## Task details:
Copy the listing as it is written, and leave each picture out.

## Source data:
• • • • • • •

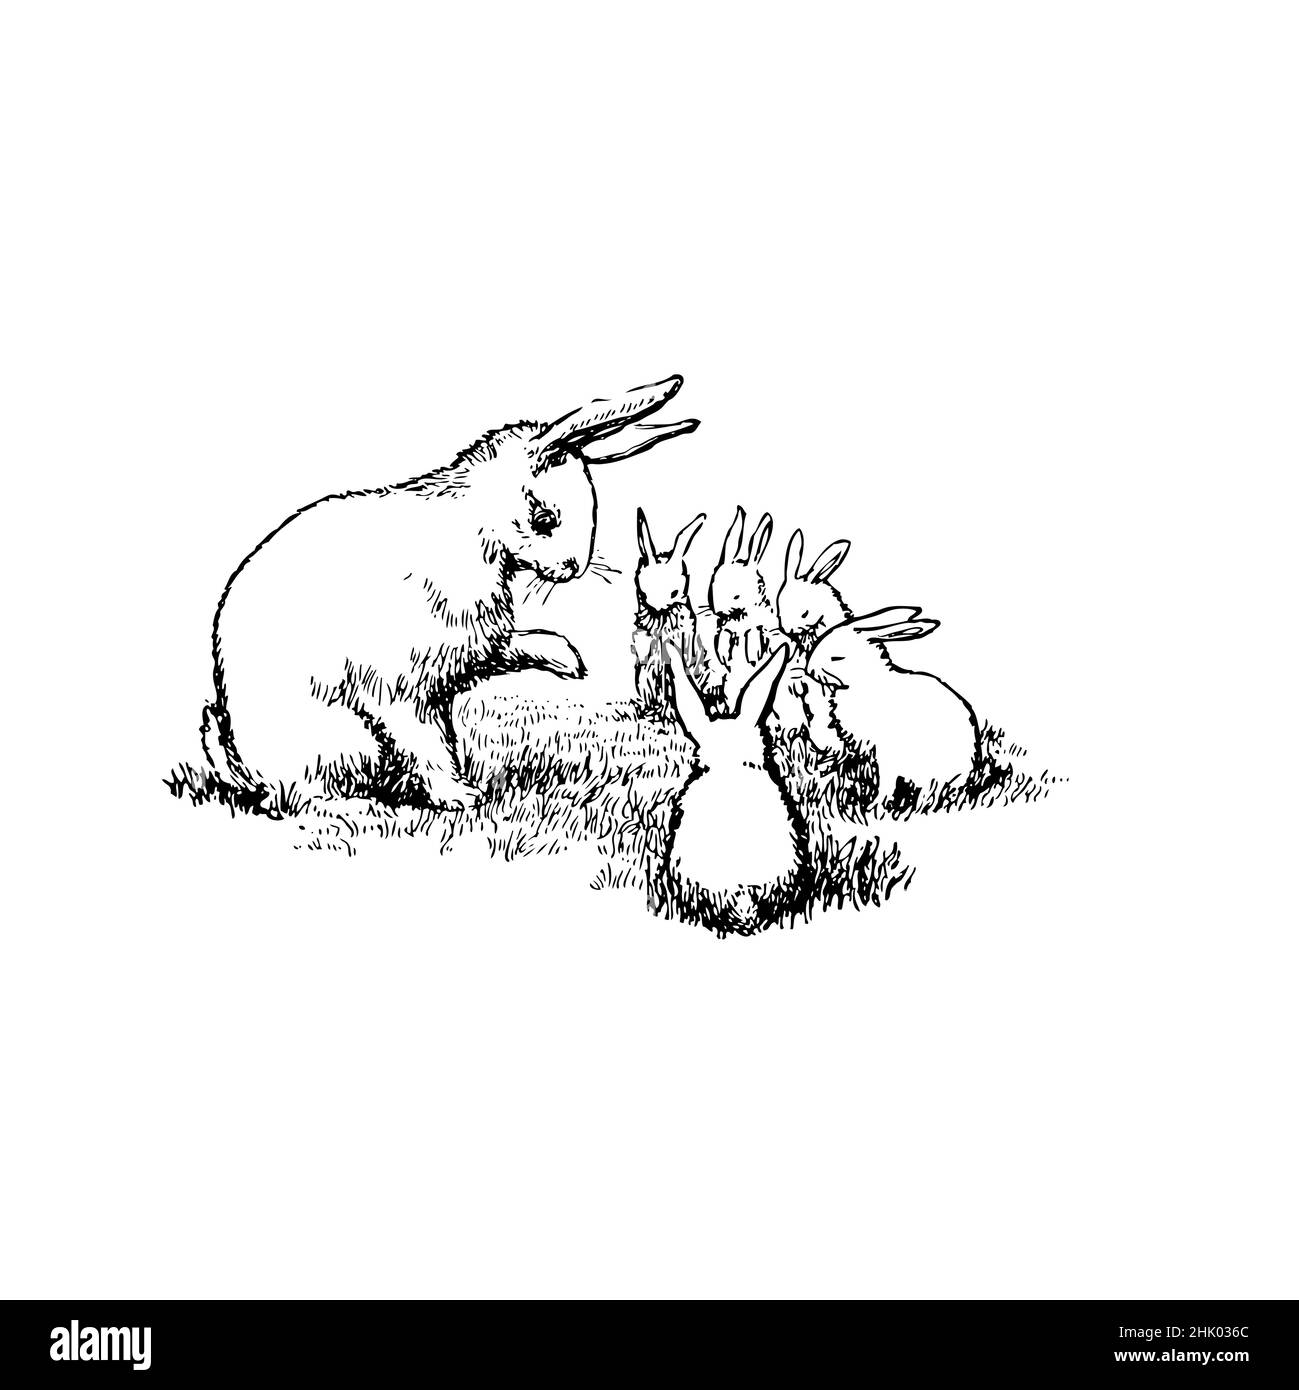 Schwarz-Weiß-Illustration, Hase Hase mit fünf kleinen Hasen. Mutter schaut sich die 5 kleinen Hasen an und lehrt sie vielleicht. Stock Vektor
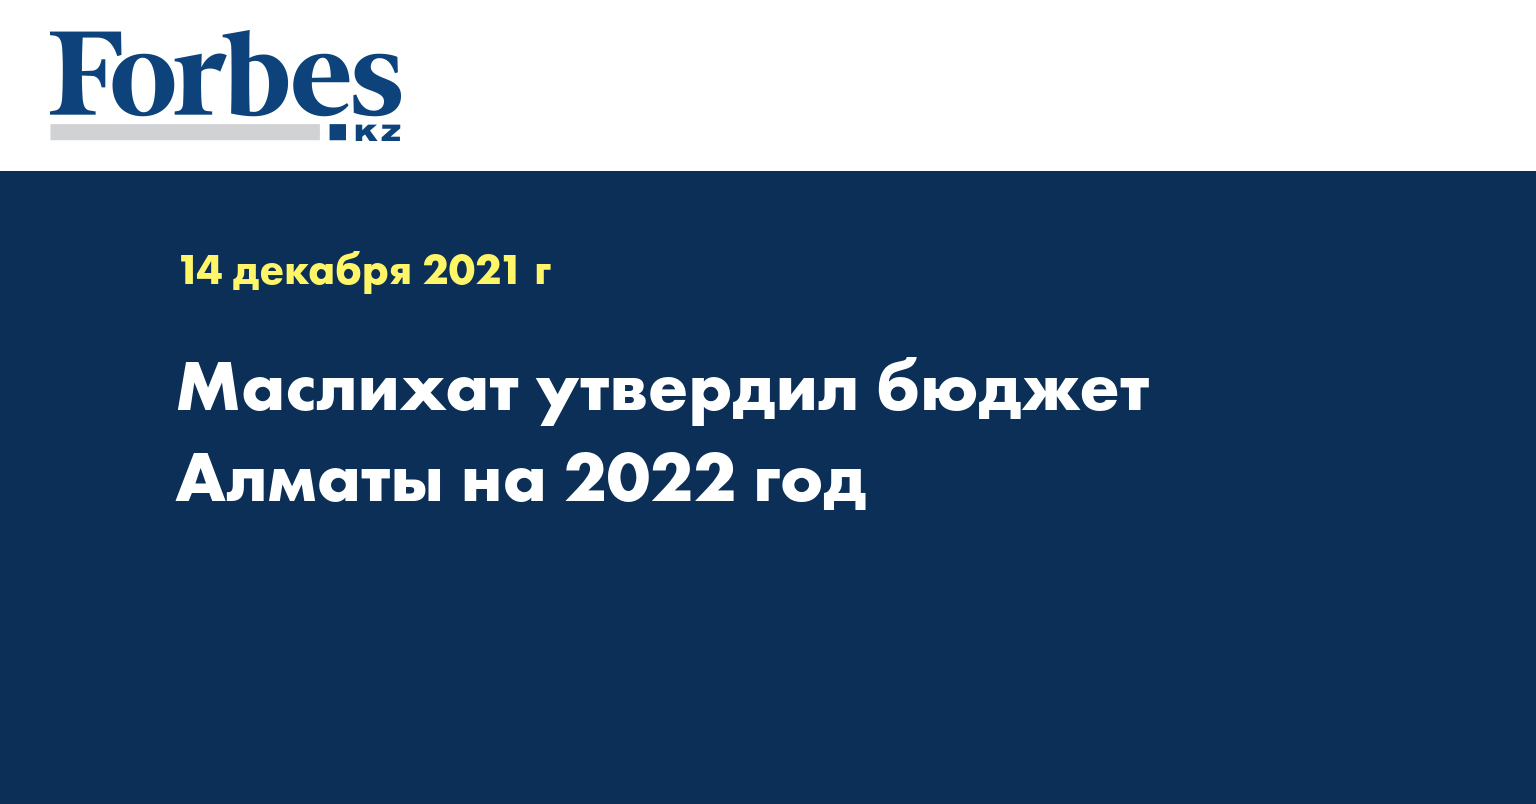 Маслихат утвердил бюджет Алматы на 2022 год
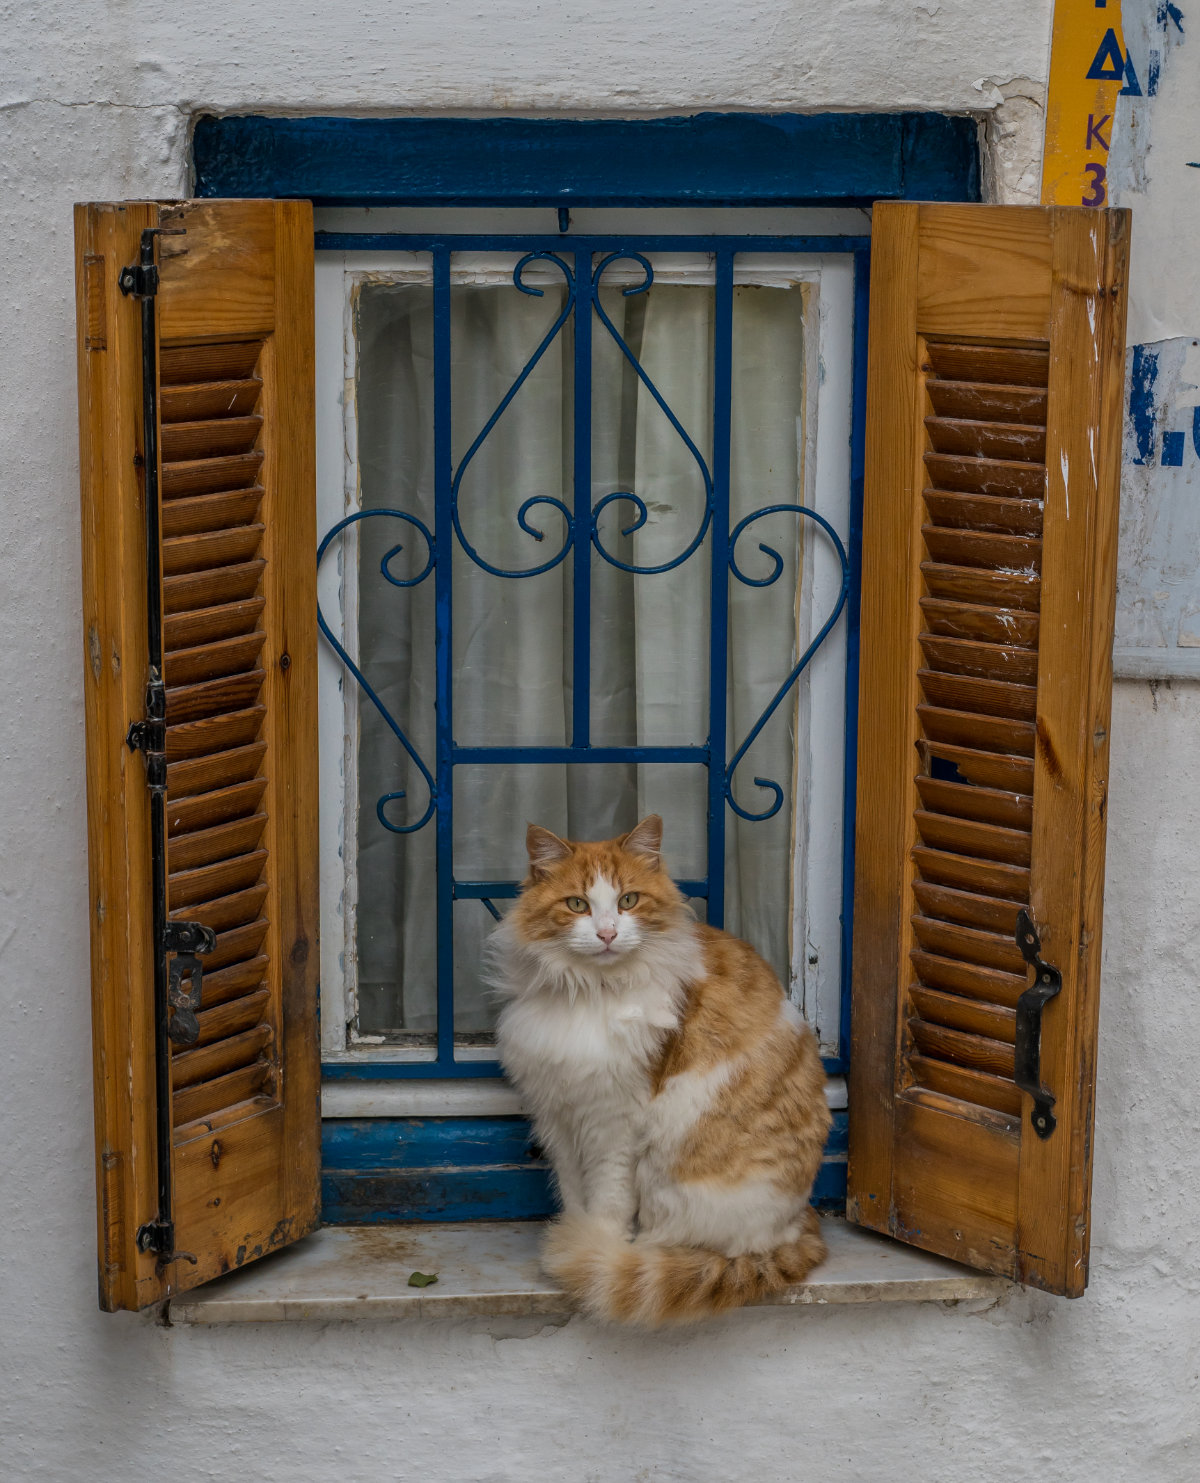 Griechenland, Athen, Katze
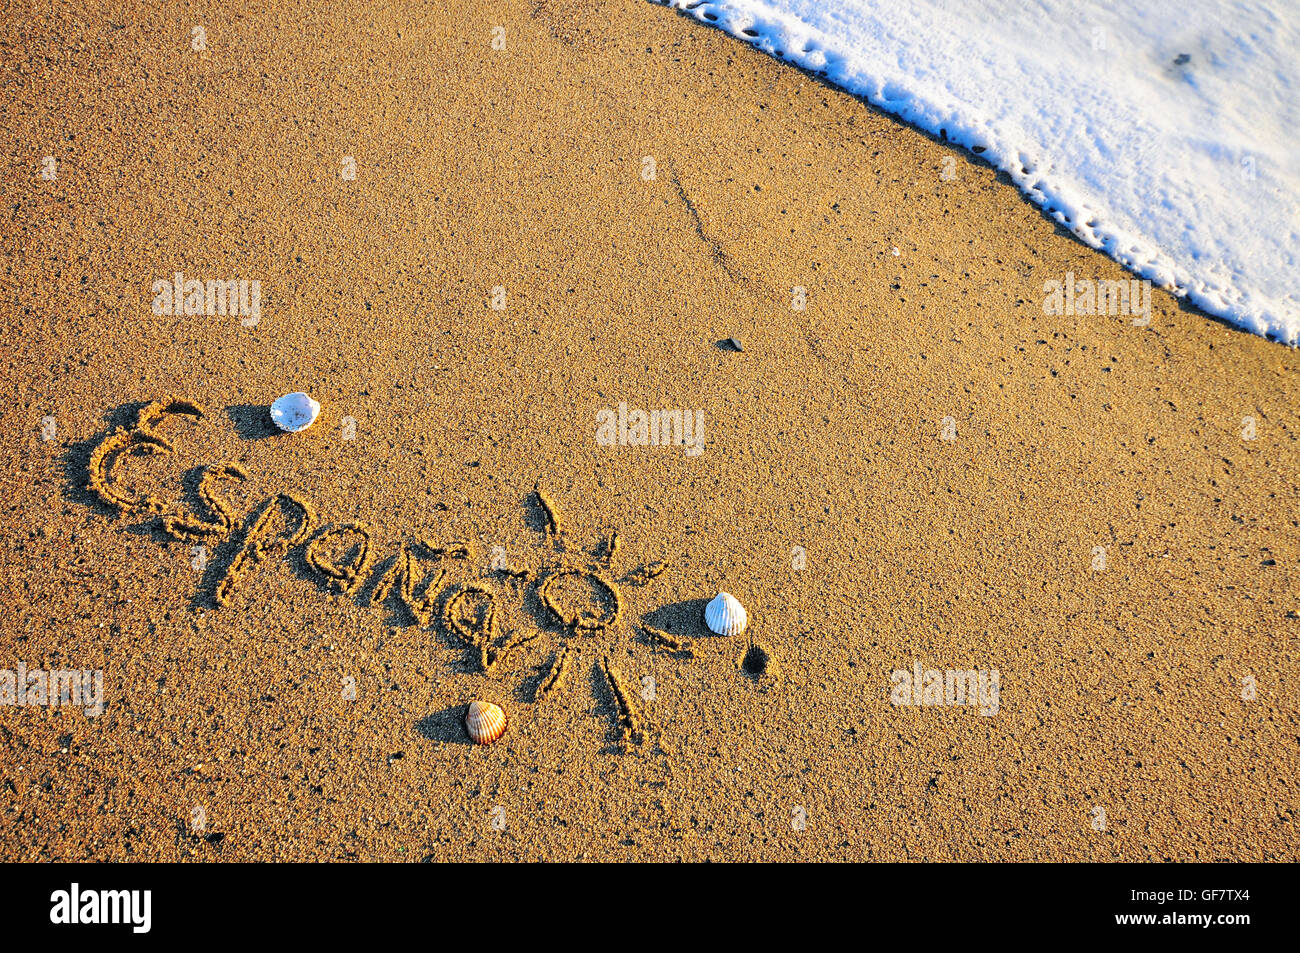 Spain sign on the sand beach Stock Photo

• • • • • • •

## Exercise answer:
 Schwarz-Weiß-Illustration, Hase Hase mit fünf kleinen Hasen. Mutter schaut sich die 5 kleinen Hasen an und lehrt sie vielleicht. Stock Vektor
 Маслихат утвердил бюджет Алматы на 2022 год
 Griechenland, Athen, Katze
 Spain sign on the sand beach Stock Photo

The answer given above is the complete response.